(Collection entries)

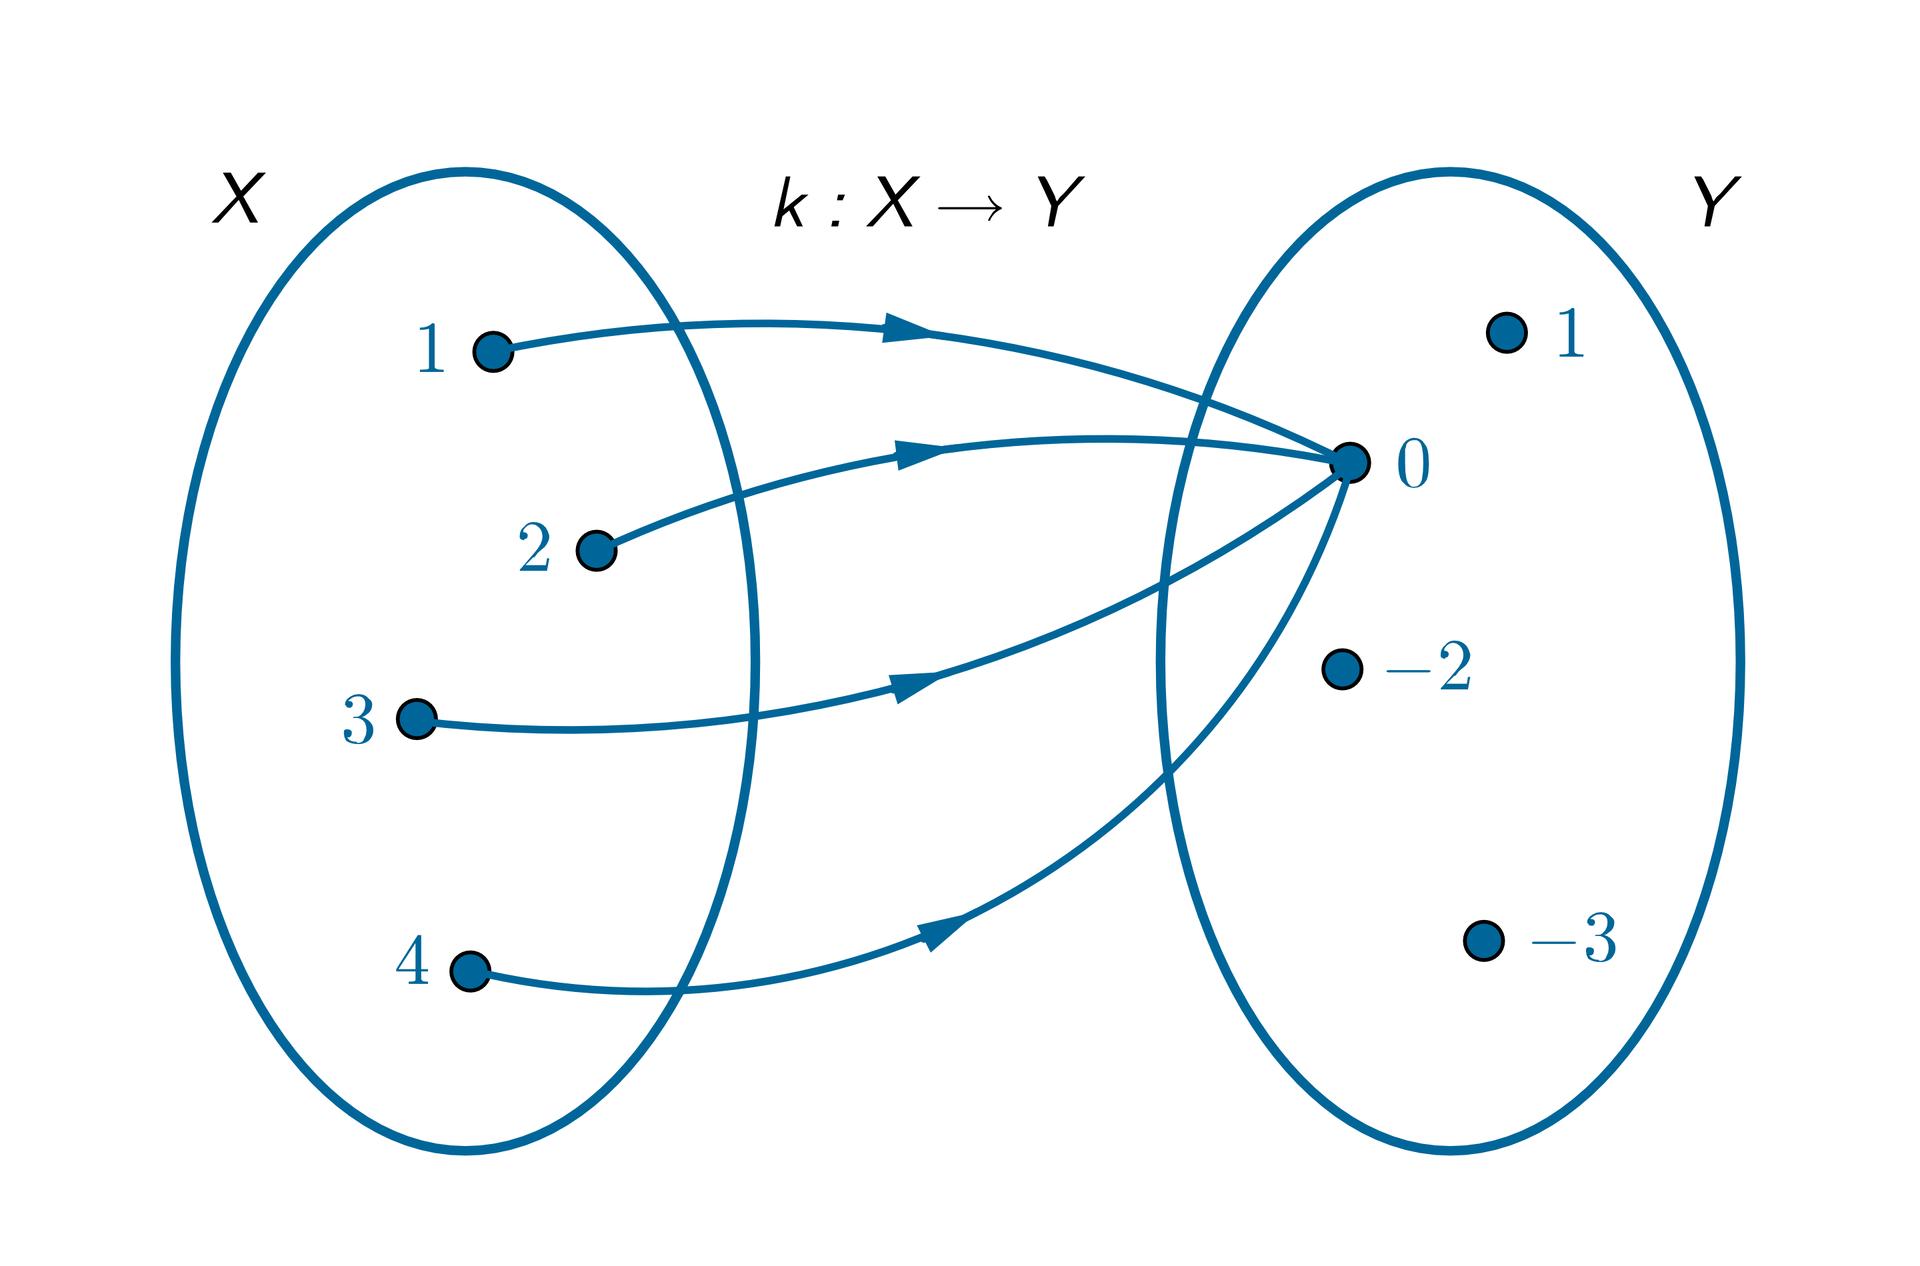 Graf pokazuje przyporządkowanie k: Xstrzałka wprawo Y. Zbiór argumentów funkcji X={1, 2, 3, 4}. Zbiór wartości funkcji Y={1, 0, -1, -2}. Argumentom 1, 2, 3, 4 przyporządkowano wartość 0.
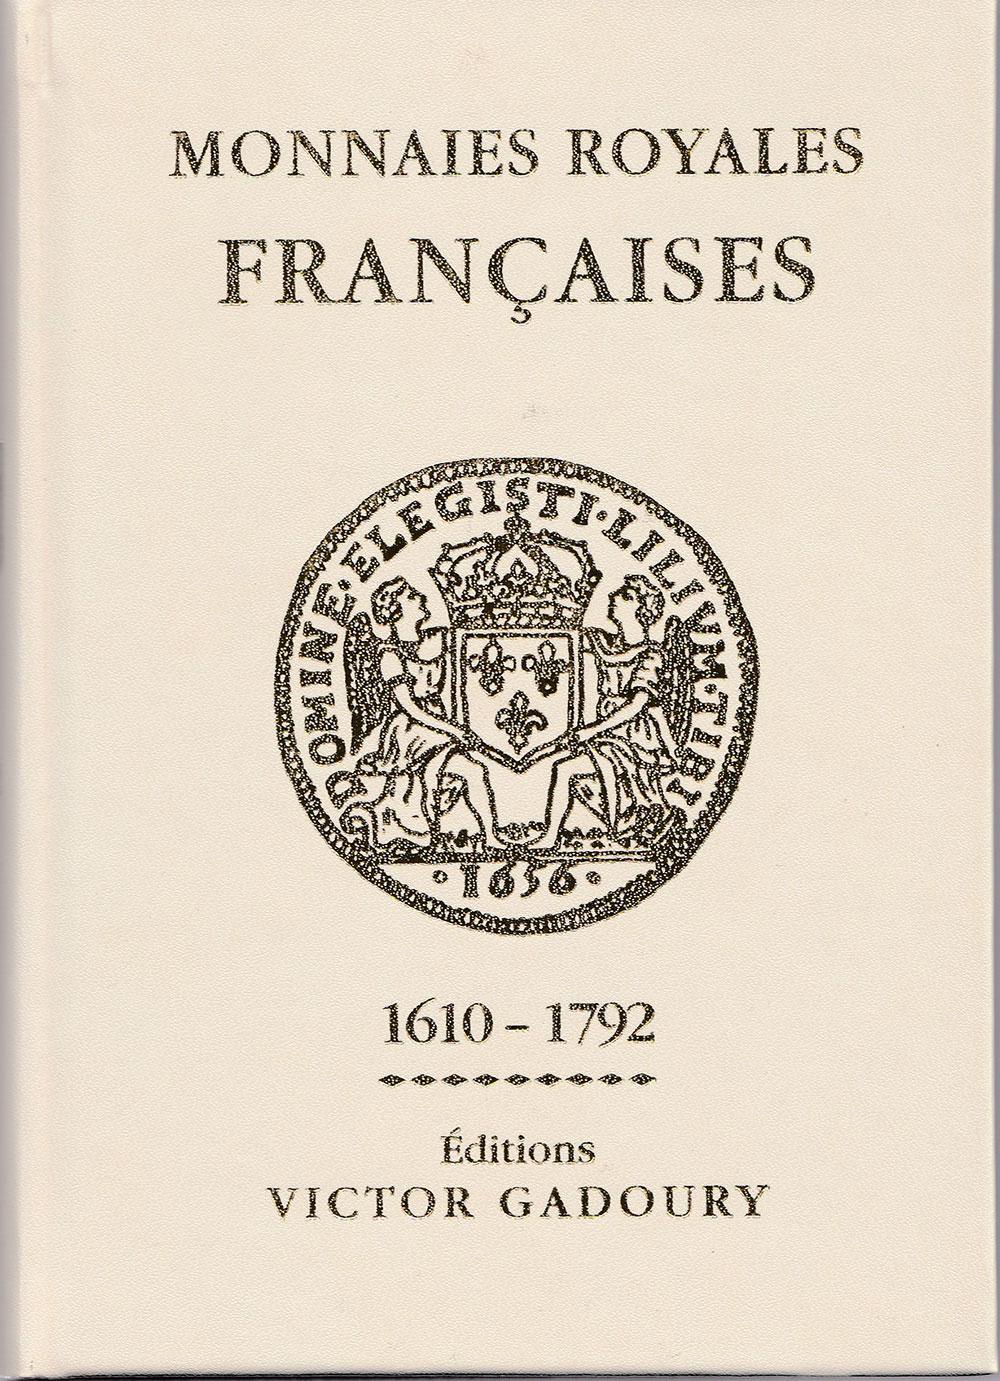 Couverture du livre Monnaies royales françaises 1610-1792 ou Gadoury blanc
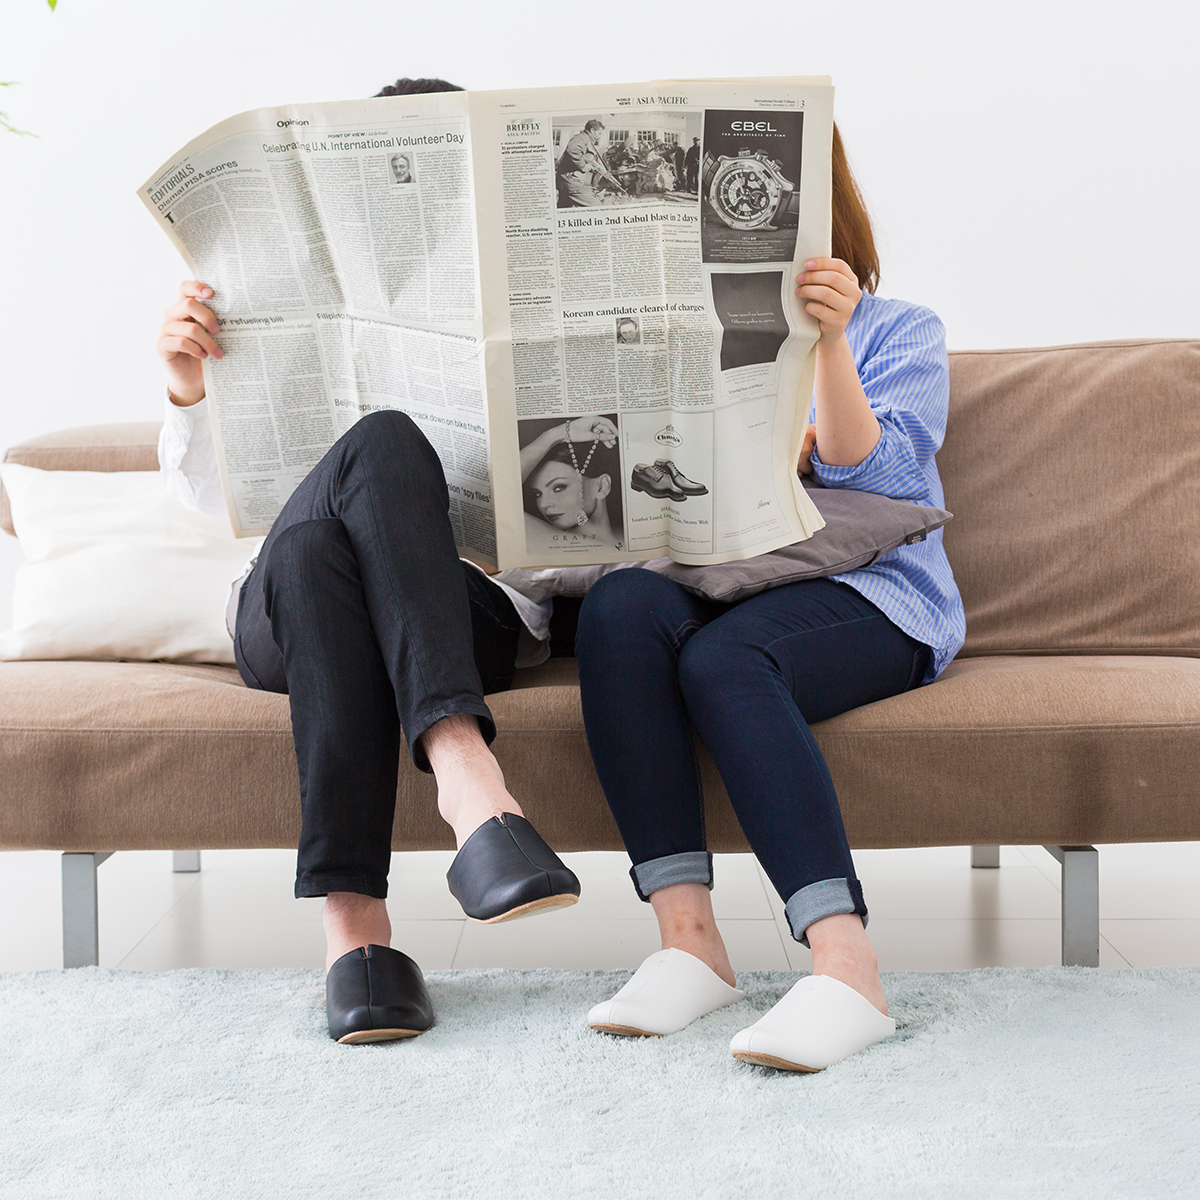 美しいデザインも魅力の靴の製法でつくったからトコトン歩きやすい「スリッパ」|room's
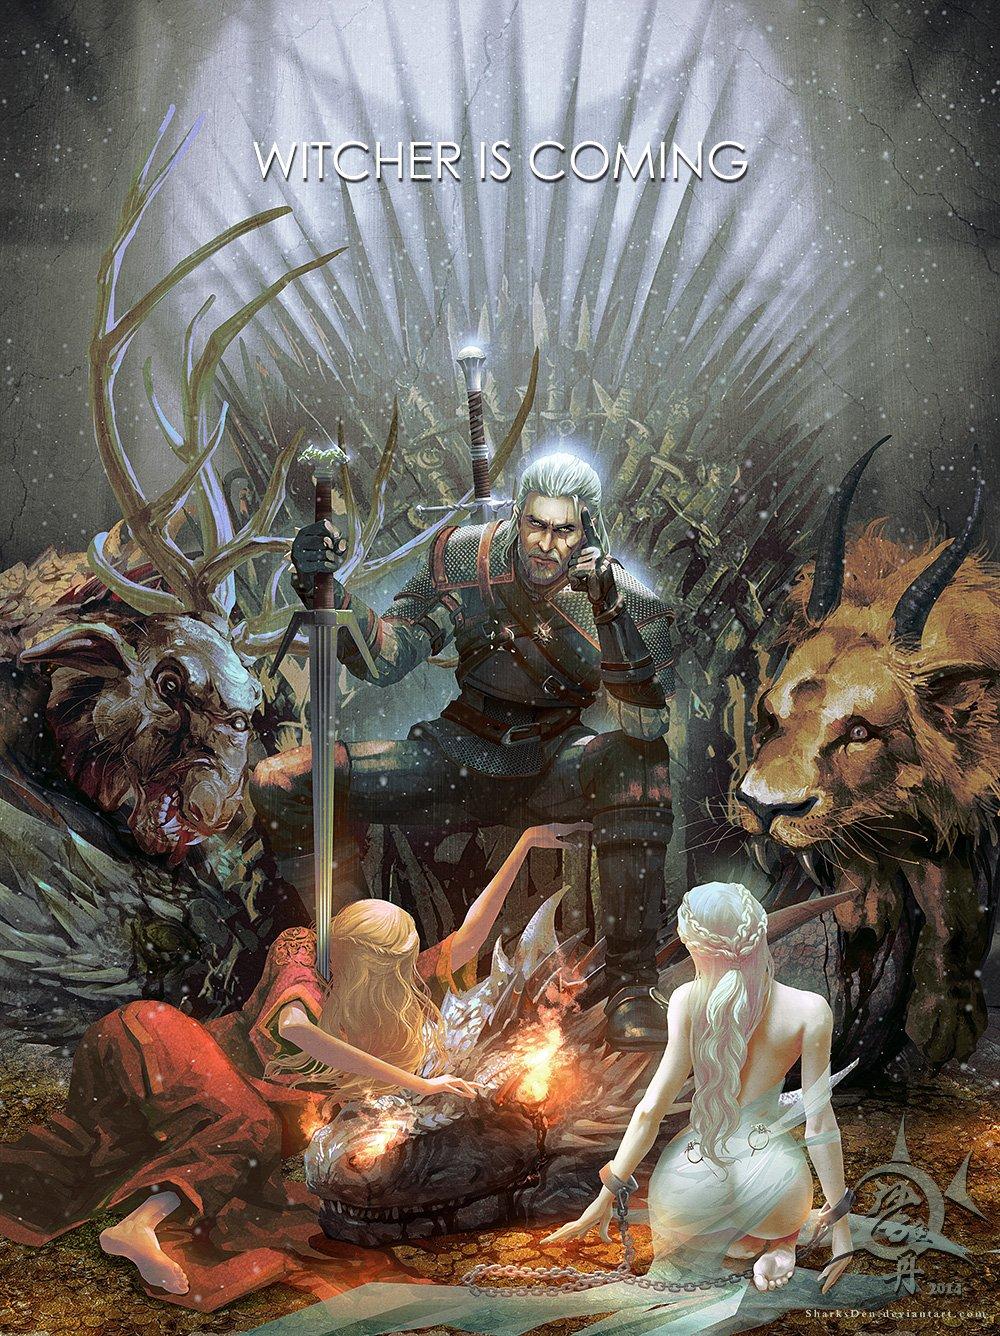 Witcher is coming, китайский художник на польскую игру с намёком на американский сериал - Изображение 1
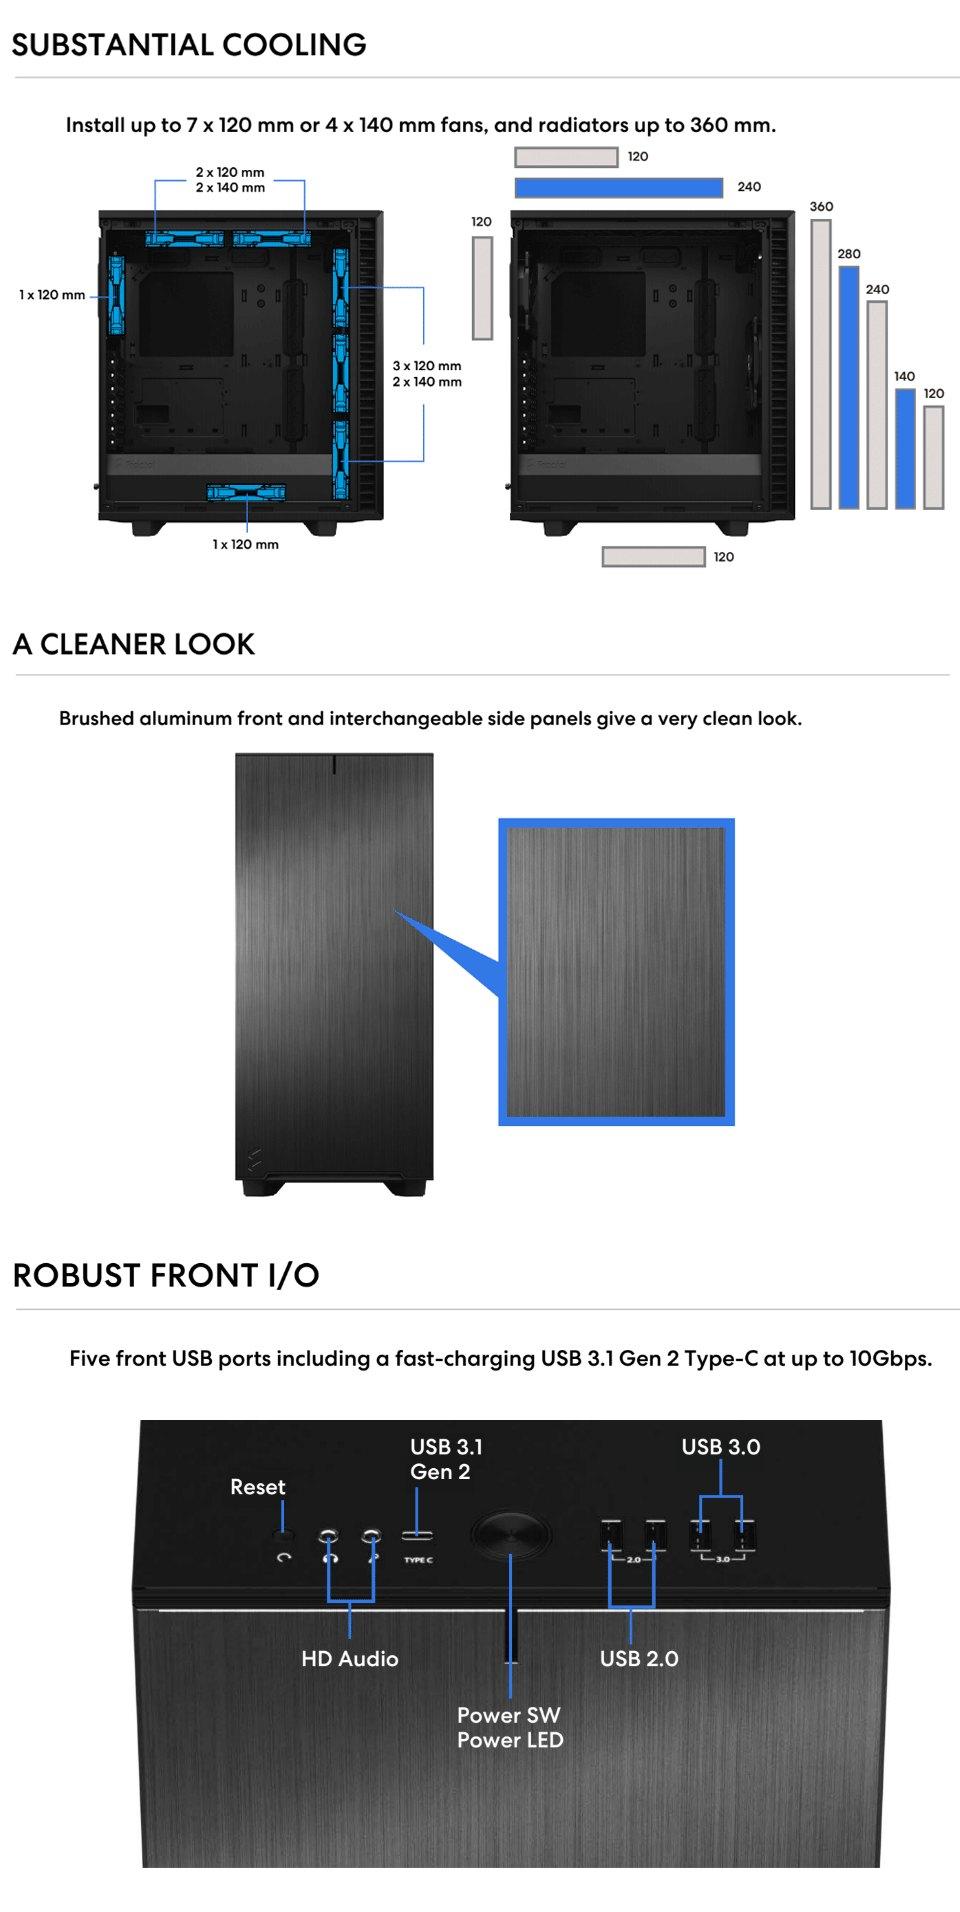 Fractal Design Define 7 Compact features 3

→ Task instructions: Skip the pictures, then write out every entry exactly.

→ Expected answer:
 Graf pokazuje przyporządkowanie k: Xstrzałka wprawo Y. Zbiór argumentów funkcji X={1, 2, 3, 4}. Zbiór wartości funkcji Y={1, 0, -1, -2}. Argumentom 1, 2, 3, 4 przyporządkowano wartość 0.
 Couverture du livre Monnaies royales françaises 1610-1792 ou Gadoury blanc
 美しいデザインも魅力の靴の製法でつくったからトコトン歩きやすい「スリッパ」|room's
 Witcher is coming, китайский художник на польскую игру с намёком на американский сериал - Изображение 1
 Fractal Design Define 7 Compact features 3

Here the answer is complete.